I hope somebody has any idea to solve this issue.

Best Regards,
Jimmy
 
What is the output of

# dlm_tool dump

root@Proxmox01:~# dlm_tool dump
1385541785 logging mode 3 syslog f 160 p 6 logfile p 6 /var/log/cluster/dlm_cont rold.log
1385541785 dlm_controld 1364188437 started
1385541785 logging mode 3 syslog f 160 p 6 logfile p 6 /var/log/cluster/dlm_cont rold.log
1385541785 found /dev/misc/dlm-control minor 56
1385541785 found /dev/misc/dlm-monitor minor 55
1385541785 found /dev/misc/dlm_plock minor 54
1385541785 /dev/misc/dlm-monitor fd 12
1385541785 /sys/kernel/config/dlm/cluster/comms: opendir failed: 2
1385541785 /sys/kernel/config/dlm/cluster/spaces: opendir failed: 2
1385541785 cluster node 1 added seq 4
1385541785 set_configfs_node 1 192.168.1.51 local 1
1385541785 totem/rrp_mode = 'none'
1385541785 set protocol 0
1385541785 group_mode 3 compat 0
1385541785 setup_cpg_daemon 14
1385541785 dlm:controld conf 1 1 0 memb 1 join 1 left
1385541785 set_protocol member_count 1 propose daemon 1.1.1 kernel 1.1.1
1385541785 run protocol from nodeid 1
1385541785 daemon run 1.1.1 max 1.1.1 kernel run 1.1.1 max 1.1.1
1385541785 plocks 16
1385541785 plock cpg message size: 104 bytes
1385541793 logging mode 3 syslog f 160 p 6 logfile p 6 /var/log/cluster/dlm_cont rold.log
1385541805 logging mode 3 syslog f 160 p 6 logfile p 6 /var/log/cluster/dlm_cont rold.log
1385541807 cluster node 2 added seq 8
1385541807 set_configfs_node 2 192.168.1.53 local 0
1385541819 cluster node 3 added seq 12
1385541819 set_configfs_node 3 192.168.1.52 local 0
1385541820 dlm:controld conf 2 1 0 memb 1 2 join 2 left
1385541823 dlm:controld conf 3 1 0 memb 1 2 3 join 3 left
 
Oh, seems you did not configured rgmanager - there is no 'rm' section in your cluster config?

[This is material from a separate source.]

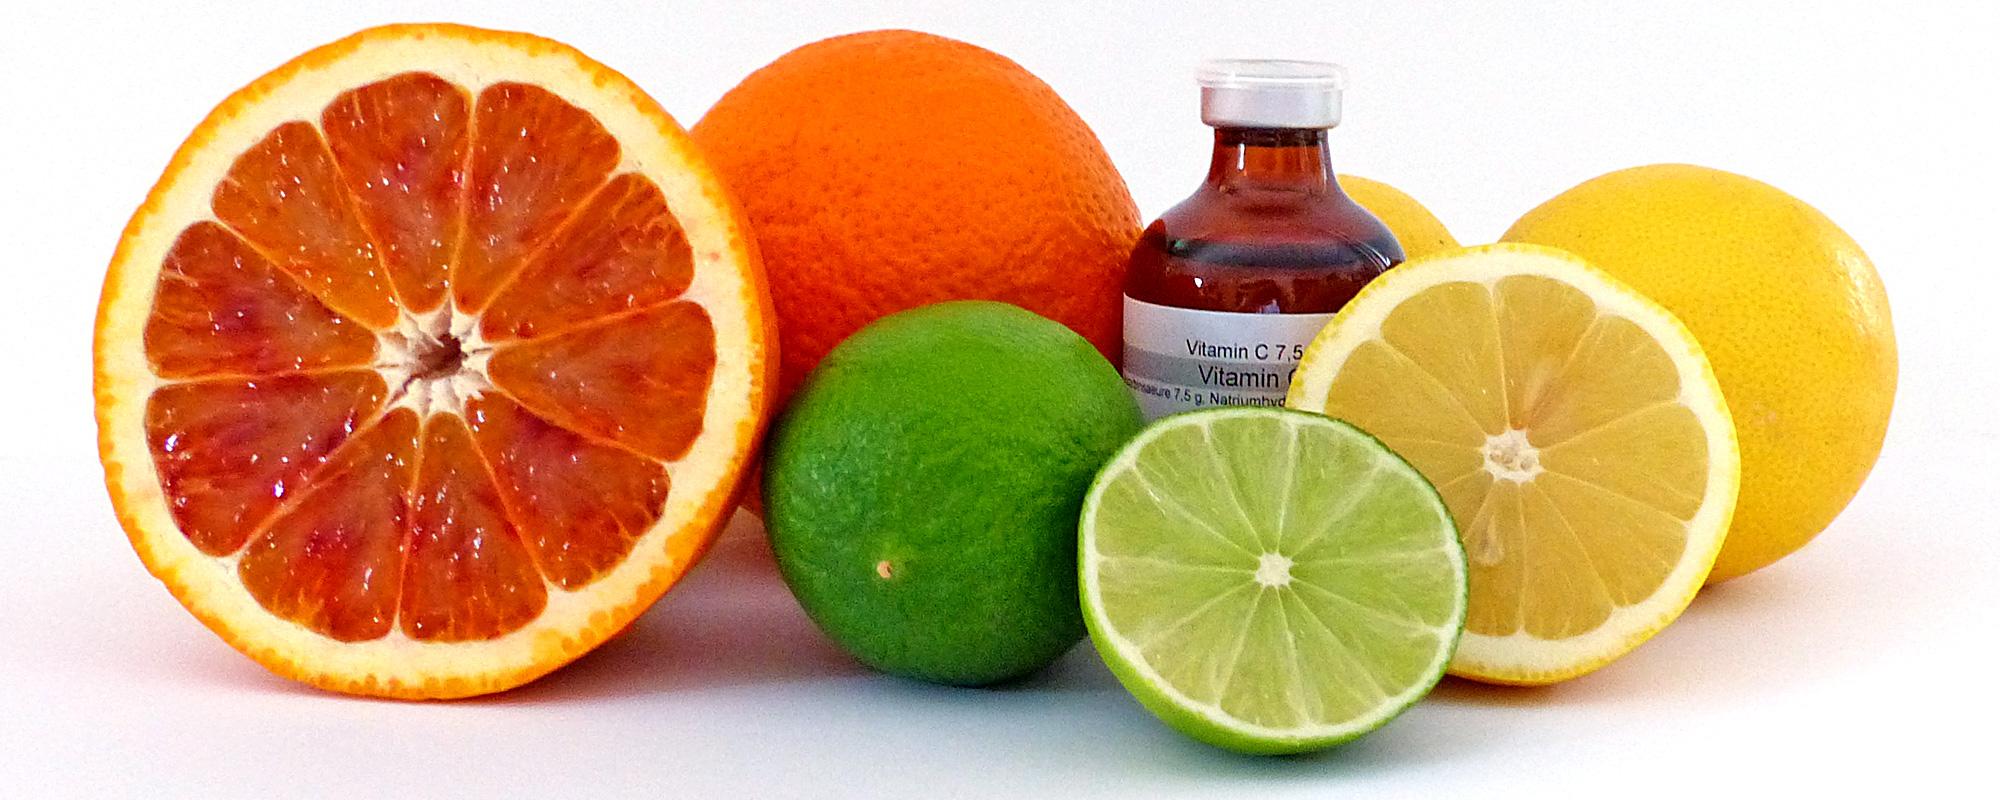 Vitamin C | Naturheilkunde | Heilpraktikerin Petra M. Quack | Zentrum für ganzheitliche Traumatherapie | Gmund am Tegernsee

Try to add an empty config "<rm></rm>"
 
Oh, seems you did not configured rgmanager - there is no 'rm' section in your cluster config?

Try to add an empty config "<rm></rm>"

Thank you very much Dietmar that solved the issue, but....

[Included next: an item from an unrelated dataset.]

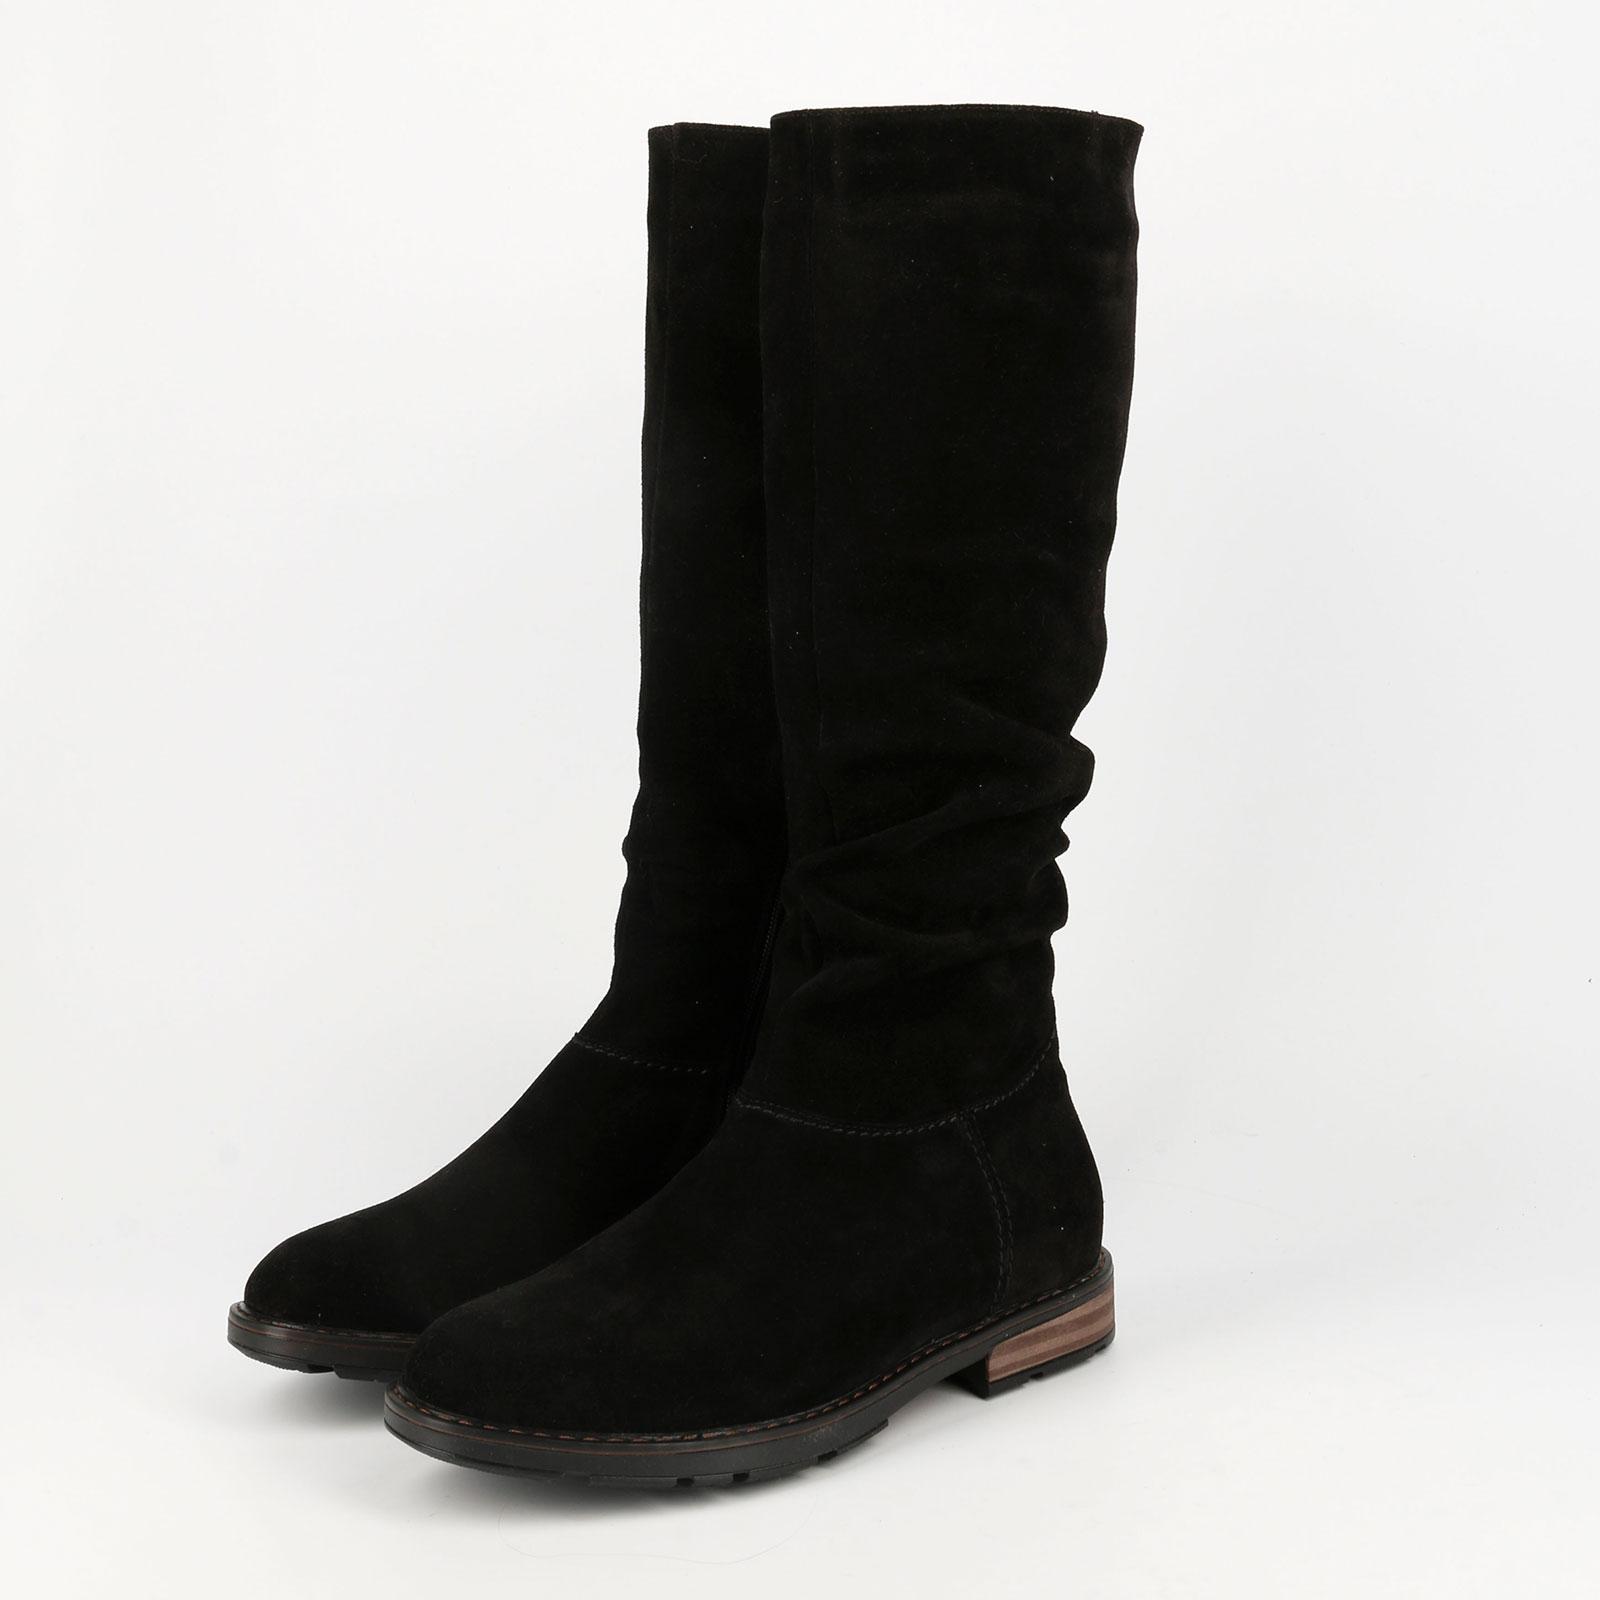 Сапоги женские велюровые на каблуке

I'm trying to test the HA by starting 2 VM's (They are managed by HA).
But they won't start, after 10 minutes the output is still :

Executing HA start for VM 100
Member Proxmox01 trying to enable pvevm:100...

Our goal is to get a cluster running like in this YouTube video.
http://www.youtube.com/watch?v=fFn0f_pSd9w

When we have achieved this goal, We are going to extend to a virtual learning environment for students.
This environment will be available for aprox 130 students.
I hope you understand the importance of our task.

Best Regards,
Jimmy
 
Any hint in the logs (/var/log/syslog, /var/log/cluster/*)?


Thank you for your reply.

We found out that the kvm option was not enabled in the bios settings of one of the servers.

However we have tested by disconnecting a utp cable from Proxmox02 and it worked, for a while..
After the test we rebooted Proxmox02 and now we are with the same problem again as before.

RGManager won't start from Proxmox02 and Proxmox03.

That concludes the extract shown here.